Lidia Falcón presentó su novela "Al fin estaba sola"

lidiafalcon @ 12:54

“El mundo tendrá que escoger entre feminismo y barbarie”
Lidia Falcón presentó su novela
“Al fin estaba sola
la emotiva historia de una mujer en la lucha política y personal

AmecoPress
2 Nov 2007
Por Julia López

Al fin estaba solaLa presentación de la última novela de Lidia Falcón en el Colegio de Periodistas de Cataluña, ha sido un acto emotivo y de reconocimiento de una líder feminista, que sigue luchando por una sociedad mas justa para mujeres y hombres. Para Pilar Rahola, que la ha acompañado en esta primera presentación, Falcón merece un homenaje especial, ya que ha mantenido una coherencia increíble y ha estado siempre por encima del estigma de ser considerada la feminista por antonomasia. O sea, lo peor de lo peor.
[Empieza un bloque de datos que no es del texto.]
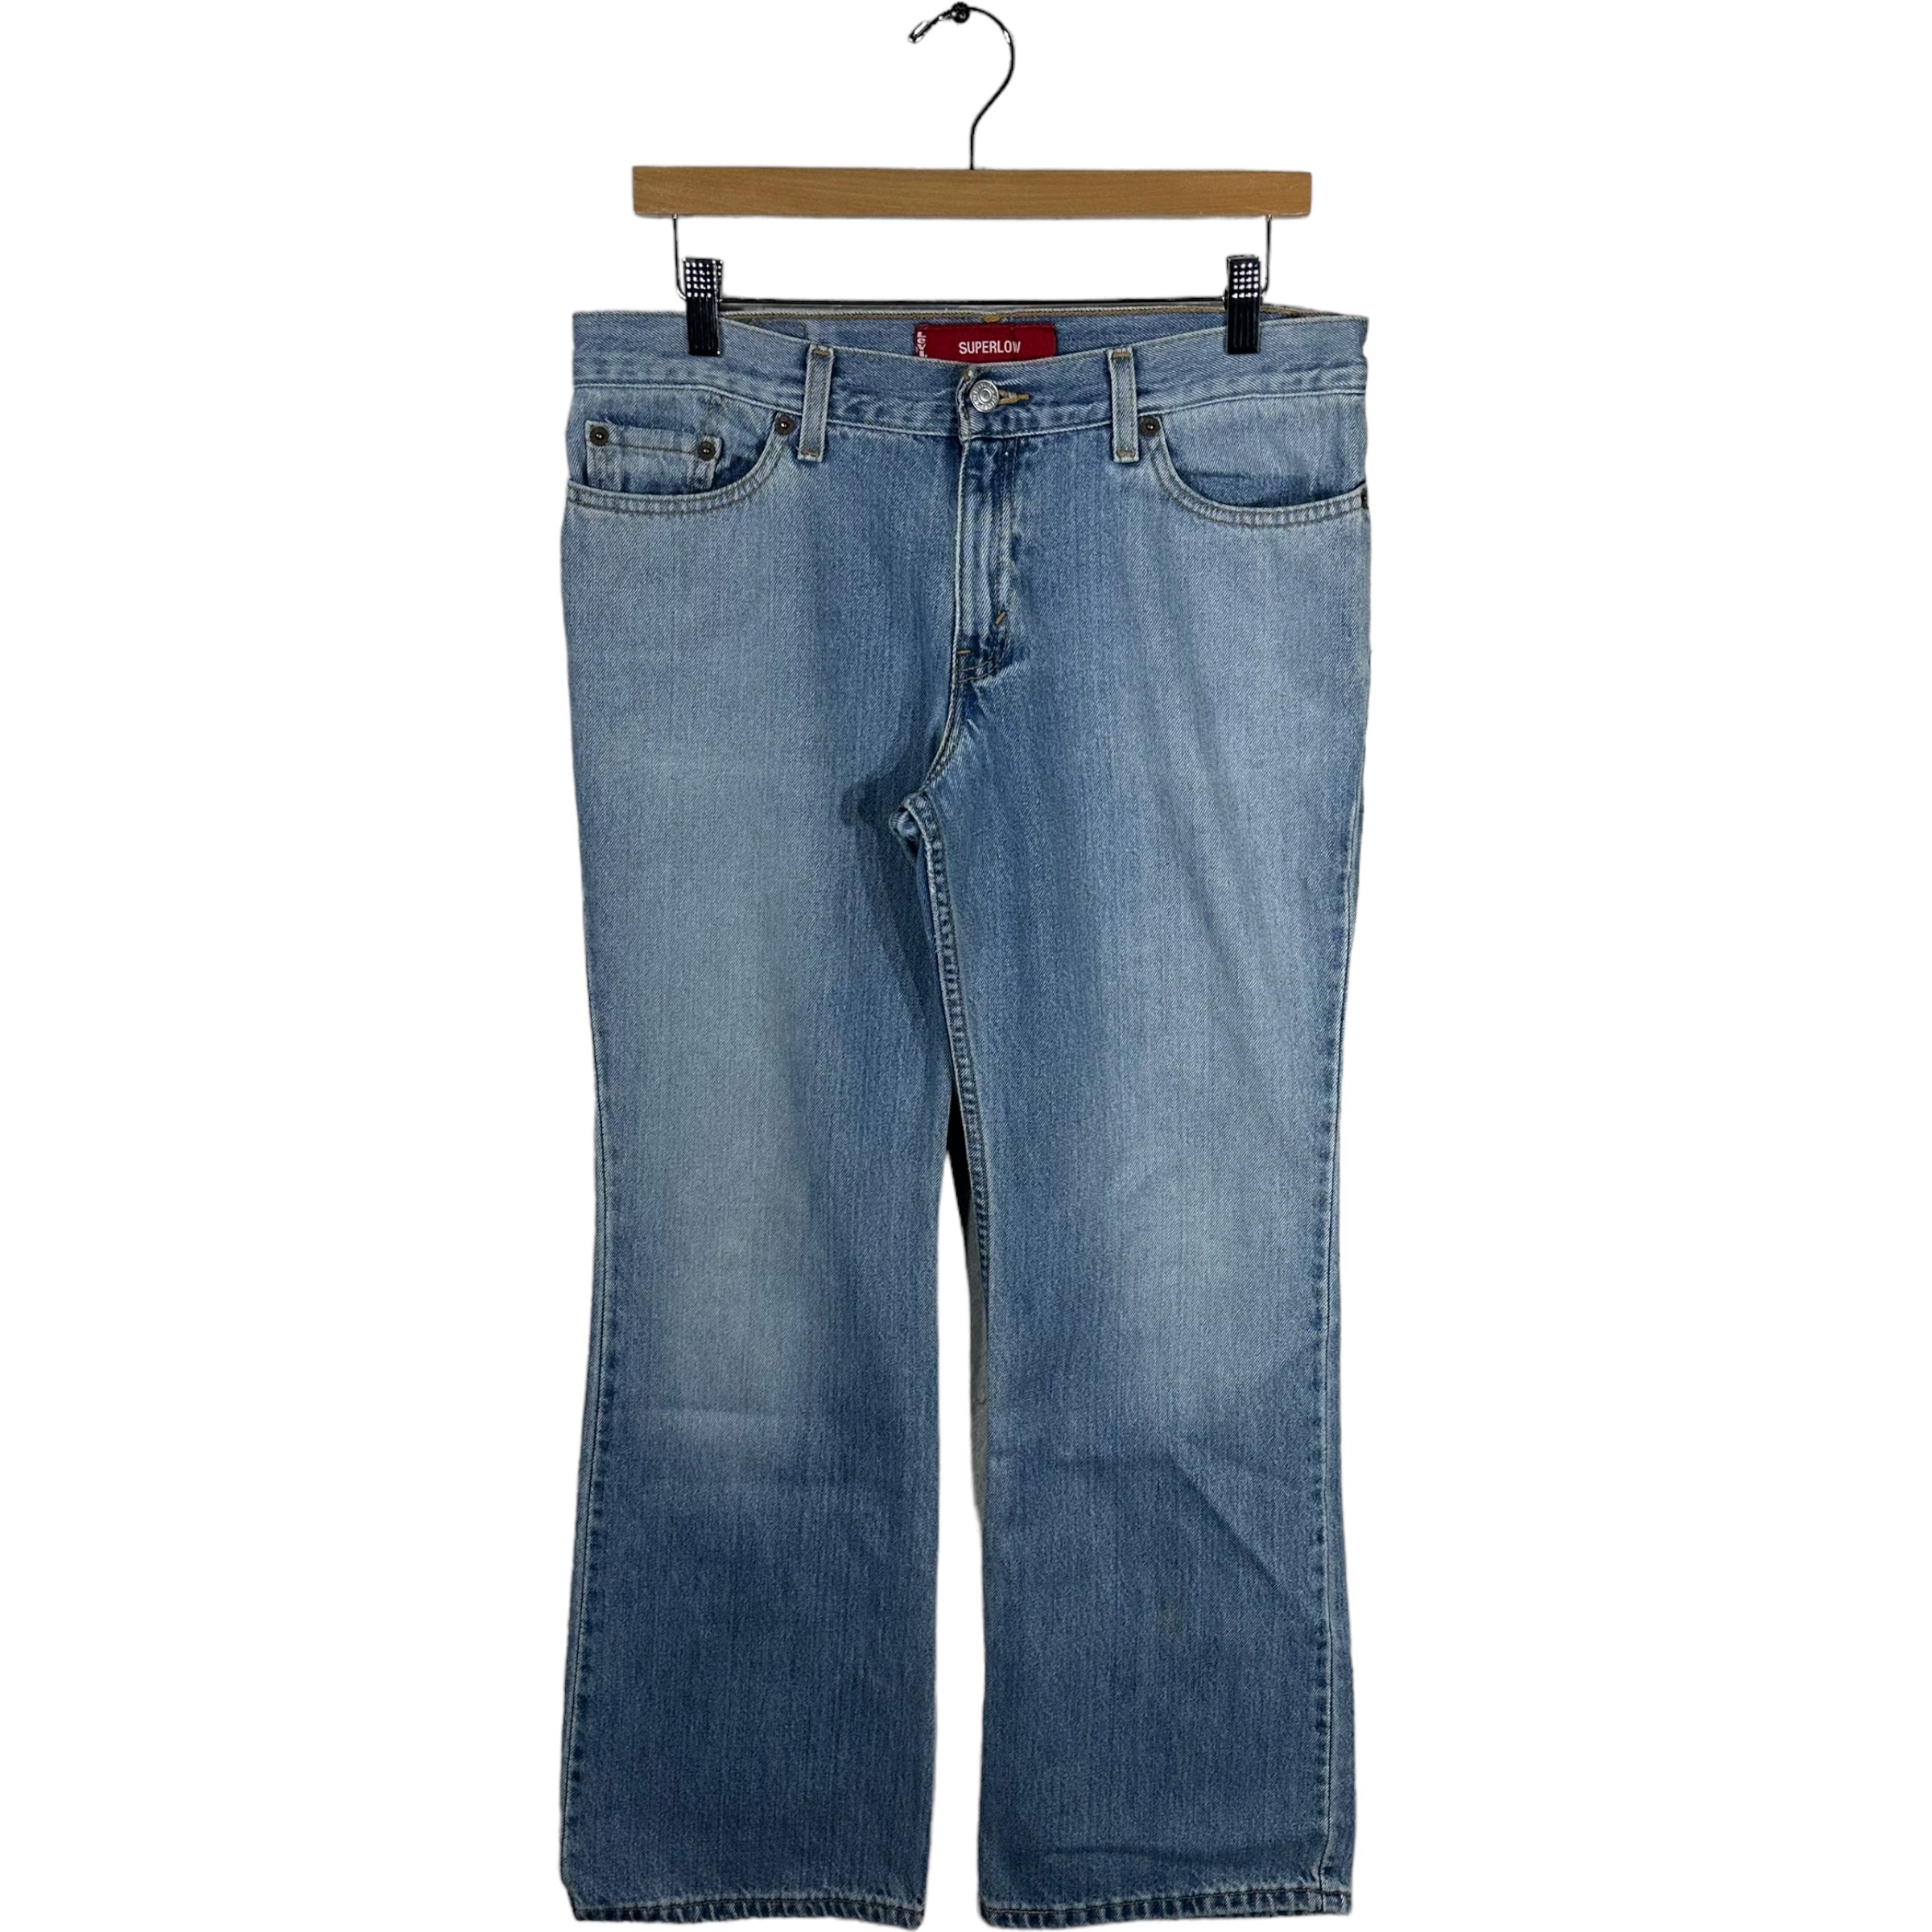 Vintage Levis 518 Denim Jeans
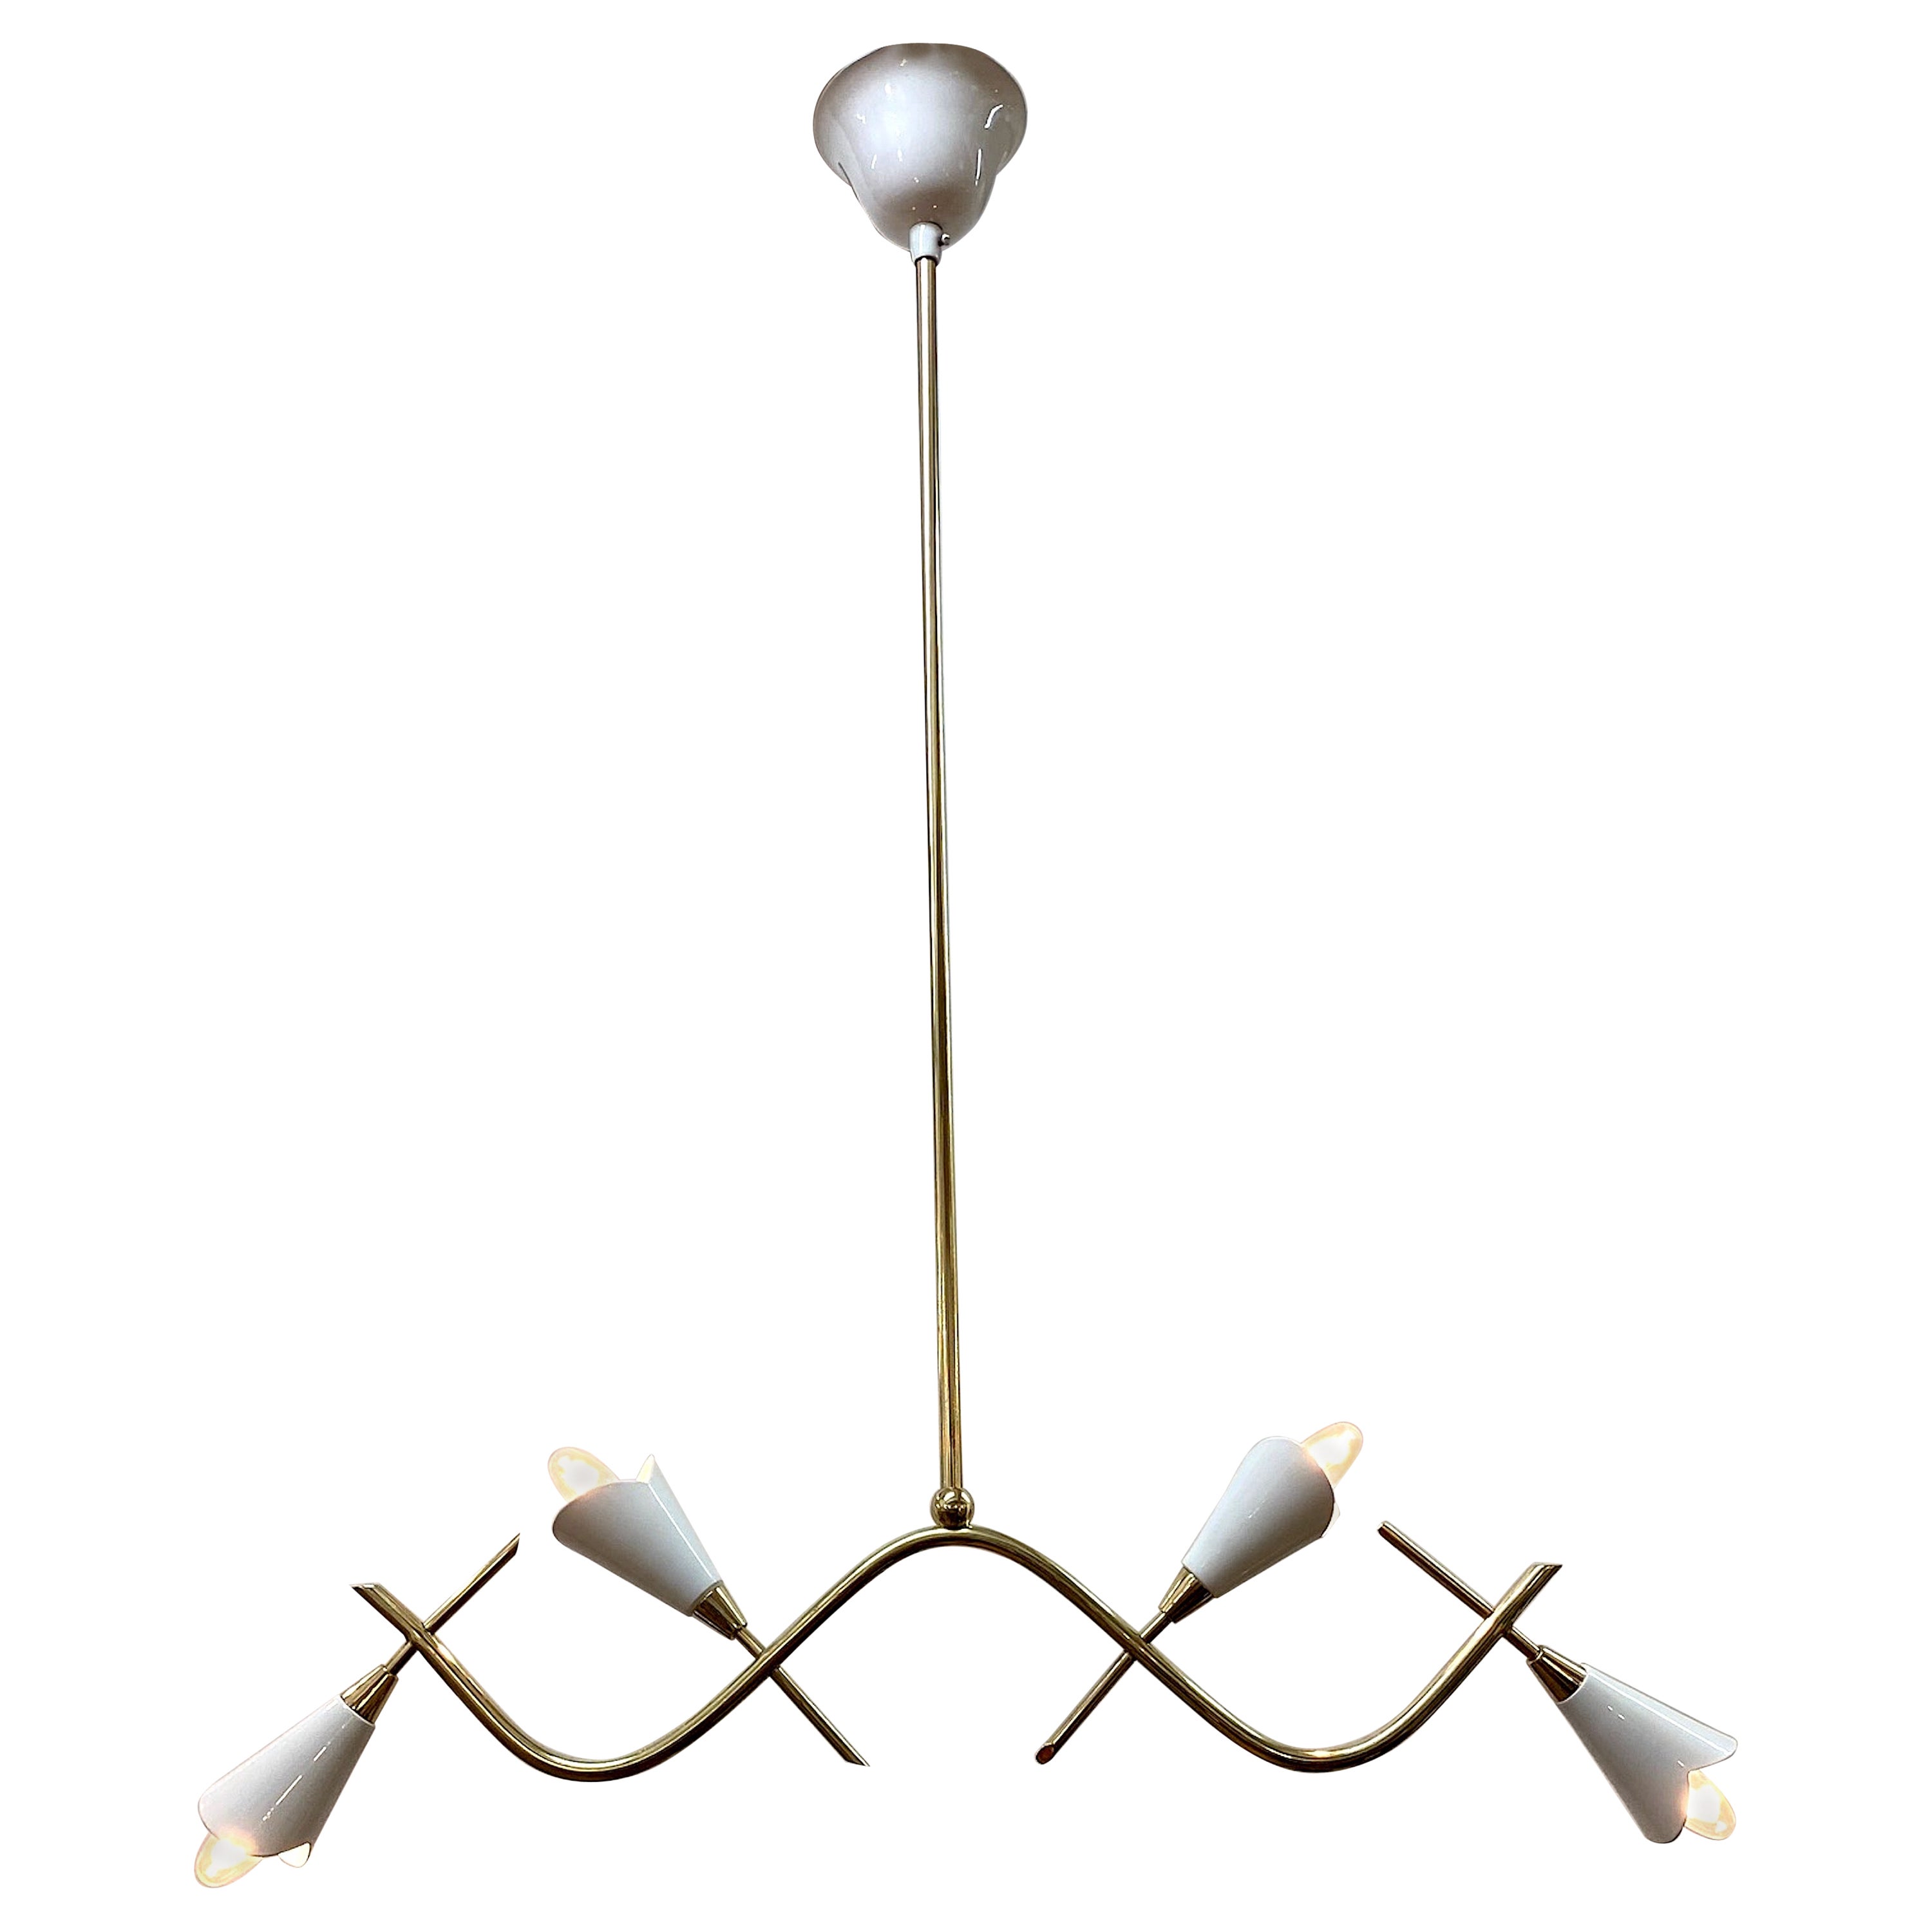 Italian 1950s Brass and White Enamel Pendant Light Chandelier For Sale

“Al fin estaba sola” es la historia de una mujer luchadora, homenaje a una generación de mujeres que entre los 60 y 70 que dieron su vida por la lucha revolucionaria, manteniendo sus convicciones y sus valores, a la vez que mantenían con dignidad a sus familias. En palabras de Rahola: “Su novela me ha emocionado enormemente. Hay política, lucha clandestina, y solidaridad, pero sobre todo es la historia de una mujer sola, luchando contra viento y marea, por sobrevivir, utilizada por un partido de izquierdas, y por las noches soportando a un machista, y a una hijas que le echan en cara su vida”.

Entre la revolución y la supervivencia

A Rahola, la novela le ha recordado una frase de Alexandra Kolontai que decía: “Yo de día hago la revolución y de noche tengo que sufrir a mi marido en la cama, un verdadero machito, sonreír y seguir adelante”.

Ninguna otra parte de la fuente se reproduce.